> [What to do]
Return the data below exactly, but only from the line containing "Rosewood single bay" through the line containing "Handmade metal earrings", with both of those lines included.

===

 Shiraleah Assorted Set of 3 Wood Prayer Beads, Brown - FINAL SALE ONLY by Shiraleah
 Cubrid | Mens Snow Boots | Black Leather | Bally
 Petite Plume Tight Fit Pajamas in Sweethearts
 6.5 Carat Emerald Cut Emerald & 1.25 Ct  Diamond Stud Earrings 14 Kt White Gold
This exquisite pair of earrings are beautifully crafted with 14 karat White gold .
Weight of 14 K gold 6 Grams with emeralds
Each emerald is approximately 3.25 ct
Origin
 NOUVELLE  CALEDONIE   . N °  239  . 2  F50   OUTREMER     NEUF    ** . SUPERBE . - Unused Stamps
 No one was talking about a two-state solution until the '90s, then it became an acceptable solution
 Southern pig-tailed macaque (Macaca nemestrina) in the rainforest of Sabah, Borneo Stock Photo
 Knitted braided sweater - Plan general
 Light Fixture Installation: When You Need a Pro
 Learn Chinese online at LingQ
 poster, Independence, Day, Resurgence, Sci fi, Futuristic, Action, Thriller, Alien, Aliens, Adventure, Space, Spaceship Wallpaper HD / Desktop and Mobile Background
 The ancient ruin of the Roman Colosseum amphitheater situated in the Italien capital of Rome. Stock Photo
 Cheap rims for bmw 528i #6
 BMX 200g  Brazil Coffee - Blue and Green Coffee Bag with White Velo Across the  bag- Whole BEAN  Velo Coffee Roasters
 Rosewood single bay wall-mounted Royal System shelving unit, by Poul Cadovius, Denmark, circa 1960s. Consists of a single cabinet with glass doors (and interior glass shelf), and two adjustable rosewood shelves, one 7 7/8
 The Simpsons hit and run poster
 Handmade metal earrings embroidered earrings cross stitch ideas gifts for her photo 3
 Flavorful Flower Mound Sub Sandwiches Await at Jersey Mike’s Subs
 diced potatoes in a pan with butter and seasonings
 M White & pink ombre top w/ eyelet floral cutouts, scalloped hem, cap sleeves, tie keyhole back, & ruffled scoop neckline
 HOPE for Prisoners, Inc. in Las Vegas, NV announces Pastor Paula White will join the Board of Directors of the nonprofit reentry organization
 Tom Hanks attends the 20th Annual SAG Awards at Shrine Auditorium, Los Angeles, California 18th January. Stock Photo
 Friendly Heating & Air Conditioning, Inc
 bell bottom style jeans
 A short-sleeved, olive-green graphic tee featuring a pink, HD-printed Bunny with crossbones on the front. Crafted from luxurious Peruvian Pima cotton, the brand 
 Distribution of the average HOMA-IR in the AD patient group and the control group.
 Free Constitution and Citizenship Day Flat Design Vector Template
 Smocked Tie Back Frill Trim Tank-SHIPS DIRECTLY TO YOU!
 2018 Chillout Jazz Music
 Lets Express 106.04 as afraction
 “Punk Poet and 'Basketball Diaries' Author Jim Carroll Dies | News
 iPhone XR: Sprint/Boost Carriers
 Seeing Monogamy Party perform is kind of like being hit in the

===

> [Output of the exercise]
 Rosewood single bay wall-mounted Royal System shelving unit, by Poul Cadovius, Denmark, circa 1960s. Consists of a single cabinet with glass doors (and interior glass shelf), and two adjustable rosewood shelves, one 7 7/8
 The Simpsons hit and run poster
 Handmade metal earrings embroidered earrings cross stitch ideas gifts for her photo 3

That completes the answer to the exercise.